# First Interclub



## willpac (Jan 23, 2010)

Hey folks, I am going to have my first interclub fight in March. I am asking what training other people did in order to ready apart from training in the gym and running regulary???

Thinking maybe do some tabata sprints or would jogging be better ???

Of course i will cut out the booze and junk foods for a fews weeks.

If any one has extra advice on how to prepare it would be greatly appreciated.


----------



## rsp84 (Dec 9, 2008)

Hey mate, i didnt do much other than train in classes for my first interclub, and boy did my cardio pay for it.

After i started the running, esp if your not on a training day, but if you have training, try n do it early in the morning or the day, get your fluids back in and food in to help for the evening lesson. Sprints would help if you can help not completely taxing yourself.

In the classes have sparring sessions to cater for the match up ie 2min rounds, and each round against a fresh sparring partner.

Apart from that, keep doing what you do, and listen to your coachs as theyll know best.


----------



## TheIceman5 (Jan 13, 2009)

Get yourself as fit as you can be mate, Lots of sparring / running / skipping and maybe some sprints.

I'm hopefully going to do a couple of interclubs this year, which should set me up nicely for a couple of c class fights next year.I've started training at a club that trains pure thai, and man what a difference! I just can't get used to the kicks / sparring lol my boxing is good ( in a non-big headed way) but i just keep forgetting to throw in the kicks to score more points, My flexibility restricts me so it's low and body kicks all the way :thumb .


----------



## willpac (Jan 23, 2010)

Cheers lads your advice is much appreciated, will do that, I dont mind taking a few hits in the ring I just dont wanna lose because of fitness!!!!

Need to get working on some combos my kicking ok but my punching isn't that great so gonna have to give it some work.


----------



## SteSteez (Jul 21, 2007)

RSP84 made a good comment with regards to sparring sessions.

have timed rounds with fresh opponents, works a treat for pacing yourself as you know each round will feel harder, learning to pace yourself is key.


----------



## Mandirigma (Oct 8, 2009)

What weight will you be fighting at?

How long have you been training for?

Bet youre excited.


----------



## willpac (Jan 23, 2010)

Yeah i am excited at the moment but i think as it draws closer will be a bit nervous!!! Been training 10months so think i am ready and can last the 3 rounds. I'm just worried about being match up to a intimidating meathead, but i am only fighting at 76kg so dont think it will be too bad


----------



## Mandirigma (Oct 8, 2009)

willpac said:


> Yeah i am excited at the moment but i think as it draws closer will be a bit nervous!!! Been training 10months so think i am ready and can last the 3 rounds.
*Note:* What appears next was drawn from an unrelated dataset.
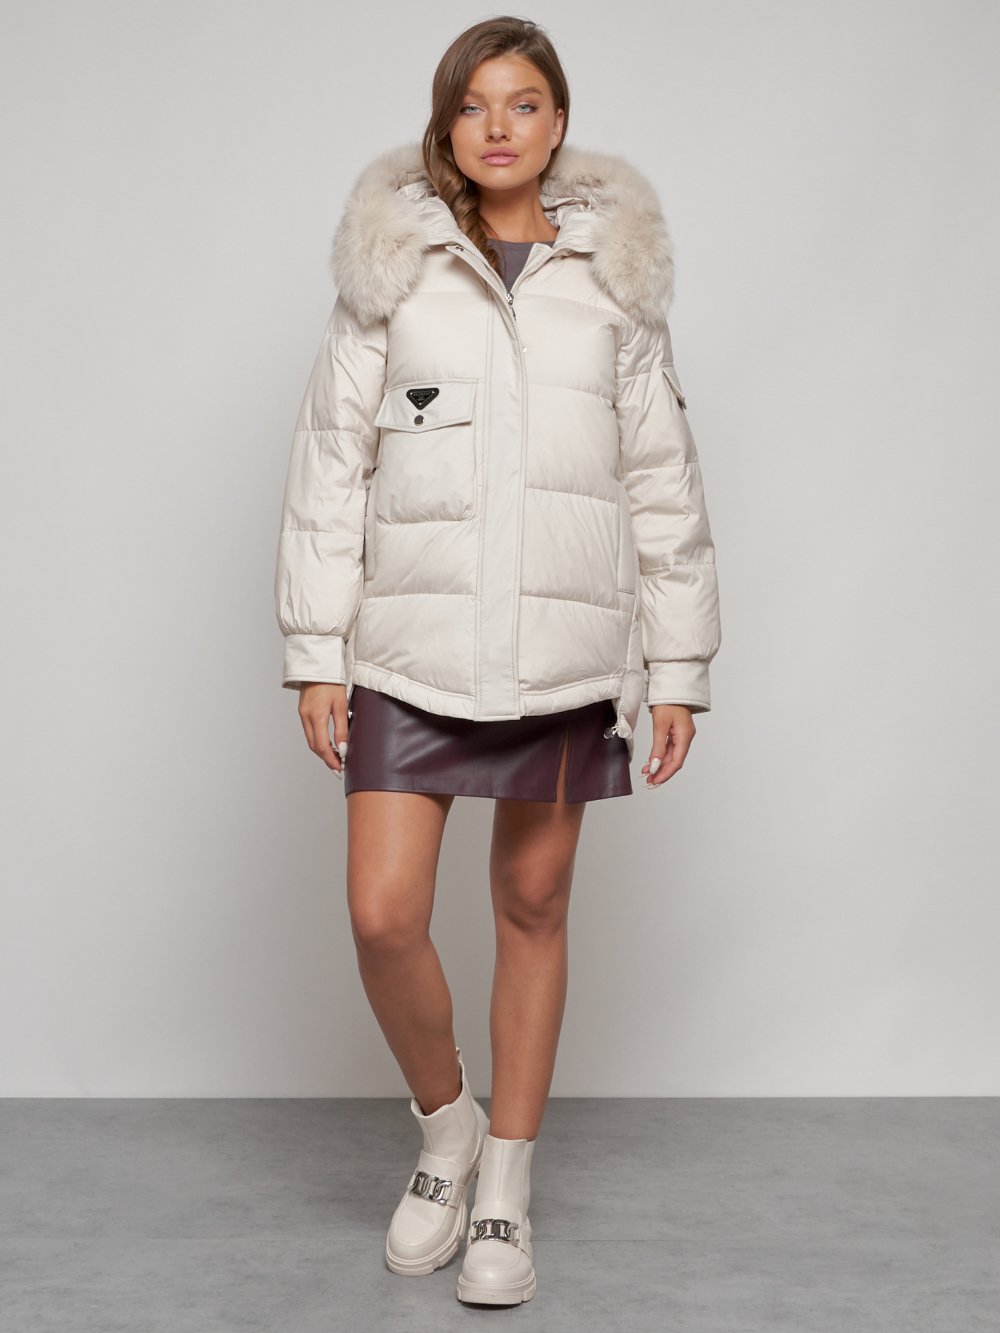 Купить куртку женскую оптом от производителя недорого в Москве 13301B

I'm just worried about being match up to a intimidating meathead, but i am only fighting at 76kg so dont think it will be too bad


How tall are you fellah?

Im 79 and 5'7 and the trainer at my gym says that if I fight at 76, Ill pretty much fight someone who is one average 5'10 plus.

If I get down to 72, I might get someone my height but I dont fancy going that low, I like being stocky and have a little muscle and fat on me.


----------



## rsp84 (Dec 9, 2008)

If its matched properly you wont have a giant to fight, but as you will see with the more experianced guys, they're very tall and muscular for the 75kg range. You my find your weight will drop off as time goes by. Dont feel too stressed, its normal to have nerves.


----------



## willpac (Jan 23, 2010)

I'm 5'11 and some of the guys i train with are smaller than me but same weight. Nerves are just part and parcel of it and i keep telling myself that if i'm nervous not to worry as my oppoent will also be!


----------



## Mandirigma (Oct 8, 2009)

Yeah I thought youd be about that height.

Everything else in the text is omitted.